I did as you suggested but unfortunately some think is still wrong.
My current publish function looks like this:
> void incognito_impl::publish(const incognito_store_arg& req)
> {
> str data = str (req.data.base (), req.data.size ());
> str marshalled_data;
> if (req.key_type == DHASH_NOAUTH)
> marshalled_data = dhblock_noauth::marshal_block (data);
> else if (req.key_type == DHASH_CONTENTHASH)
> marshalled_data = dhblock_chash::marshal_block (data);
> else {
> warnx << "incognito_impl::publish: unknown key_type: "
> << " FIXME: " << __FILE__ << ":" << __LINE__ << "\n";
> return;
> }
>
>
> ref<dhash_block> block = New refcounted<dhash_block> (marshalled_data, req.key_type);
> block->ID = req.key_value;
>
> _dhcli->insert (block,
> wrap (mkref (this), &incognito_impl::publish_insert_cb));
> }
I start my network. At the beginning noauth block db at node
e2bb6d6101eff02a4a1eca3e578800732999a561 (will be needed later) is
empty:
> chordtest at test2:/tmp/dhash-test2-c$ /tmp/dbdump -t
> db/e2bb6d6101eff02a4a1eca3e578800732999a561.n
> EOF.
> total keys: 0
> total bytes: 0
Then I insert some noauth block with random id (here:
b444ac06613fc8d63795be9ad0beaf5500000000).
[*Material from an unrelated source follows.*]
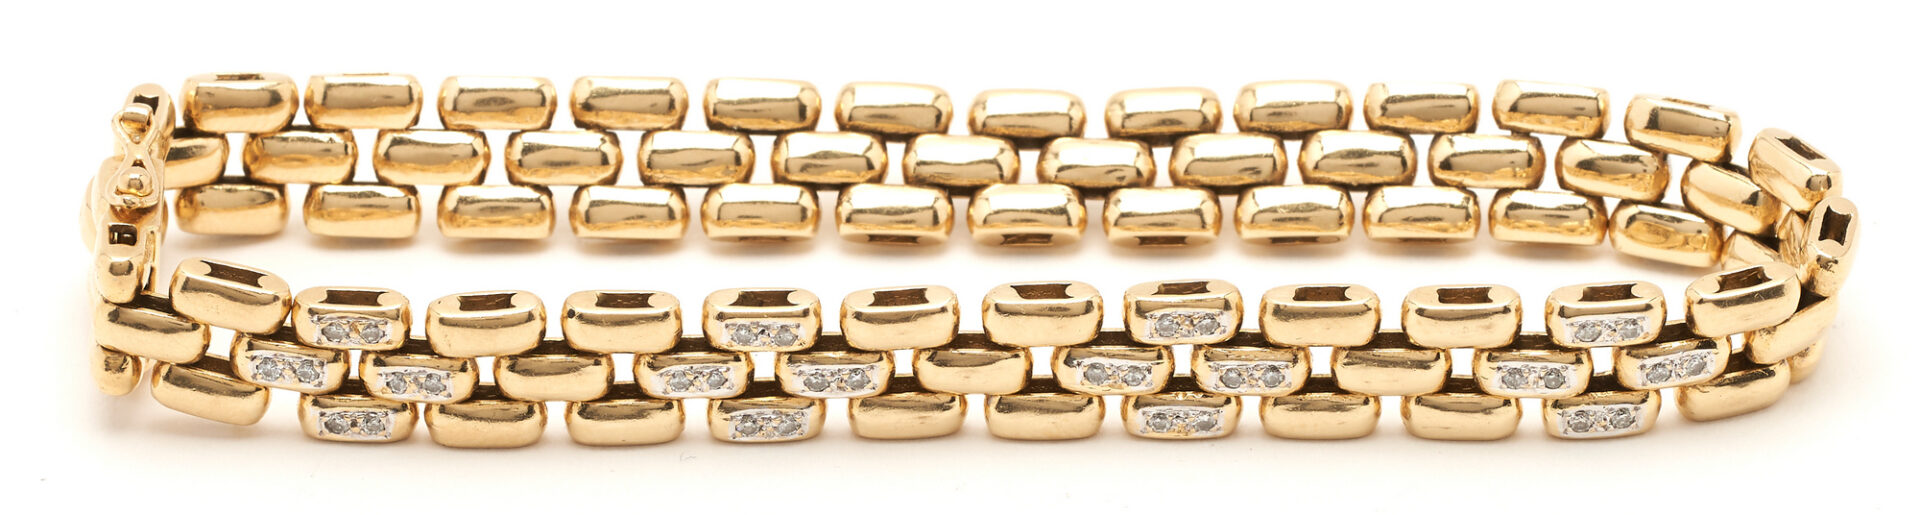 Lot 807: 18K Gold & Diamond Bracelet
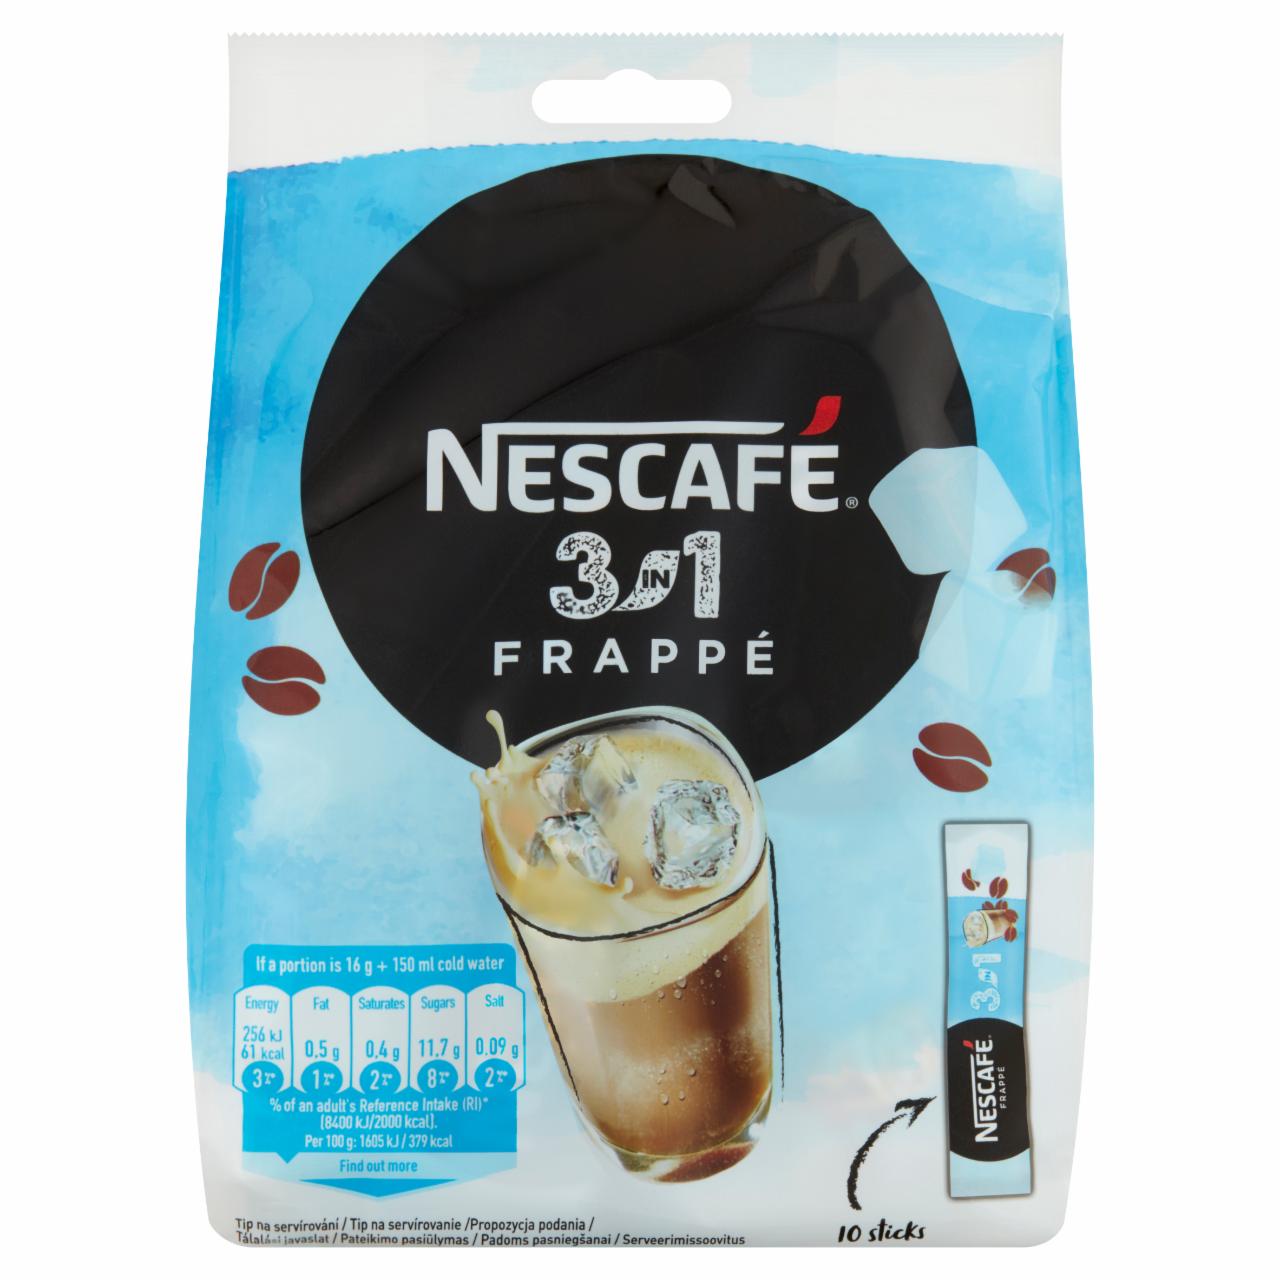 Képek - NESCAFÉ 3in1 Frappé azonnal oldódó kávéspecialitás 10 x 16 g (160 g)

It works:
> 1202621799.034331 dhashcli: store b444ac06613fc8d63795be9ad0beaf5500000000 (frag 2/5) -> e2bb6d6101eff02a4a1eca3e578800732999a561 in 3ms: DHASH_OK
> 1202621799.035274 dhashcli: store b444ac06613fc8d63795be9ad0beaf5500000000 (frag 1/5) -> bc2cd702b77a6da8b3d7b254ae38450efe760bd2 in 4ms: DHASH_OK
> 1202621799.036149 dhashcli: store b444ac06613fc8d63795be9ad0beaf5500000000 (frag 4/5) -> ed2b9e87da6e557d4e4c048995d7ac61eb2481bb in 5ms: DHASH_OK
> 1202621799.038140 dhashcli: store b444ac06613fc8d63795be9ad0beaf5500000000 (frag 3/5) -> ea182e8573df8cf54320288a8f70e26bf4cb4464 in 7ms: DHASH_OK
> 1202621799.038236 dhashcli: store b444ac06613fc8d63795be9ad0beaf5500000000 (frag 5/5) -> fb5fa23d77f54f3679d948430bcda824abd48a60 in 7ms: DHASH_OK
I'm able to read contents of this block.
Then I check the same db:
> chordtest at test2:/tmp/dhash-test2-c$ /tmp/dbdump -t
> db/e2bb6d6101eff02a4a1eca3e578800732999a561.n
> key[1] b444ac06613fc8d63795be9ad0beaf5500000000 16 0
> EOF.
> total keys: 1
> total bytes: 16
But when I try to insert the same block again I get:
> 1202621838.928104 dhashcli: store b444ac06613fc8d63795be9ad0beaf5500000000 (frag 2/5) -> e2bb6d6101eff02a4a1eca3e578800732999a561 in 1ms: DHASH_STALE
> 1202621838.928321 dhashcli: store b444ac06613fc8d63795be9ad0beaf5500000000 (frag 1/5) -> bc2cd702b77a6da8b3d7b254ae38450efe760bd2 in 1ms: DHASH_STALE
> 1202621838.929519 dhashcli: store b444ac06613fc8d63795be9ad0beaf5500000000 (frag 4/5) -> ed2b9e87da6e557d4e4c048995d7ac61eb2481bb in 3ms: DHASH_STALE
> 1202621838.929631 dhashcli: store b444ac06613fc8d63795be9ad0beaf5500000000 (frag 3/5) -> ea182e8573df8cf54320288a8f70e26bf4cb4464 in 3ms: DHASH_STALE
> 1202621838.929683 dhashcli: store b444ac06613fc8d63795be9ad0beaf5500000000 (frag 5/5) -> fb5fa23d77f54f3679d948430bcda824abd48a60 in 3ms: DHASH_STALE
> 1202621838.929695 dhashcli: ad91f3d2b200dba01e82a43a4dad65a76a98570f: store (b444ac06613fc8d63795be9ad0beaf5500000000): only stored 0 of 5 encoded.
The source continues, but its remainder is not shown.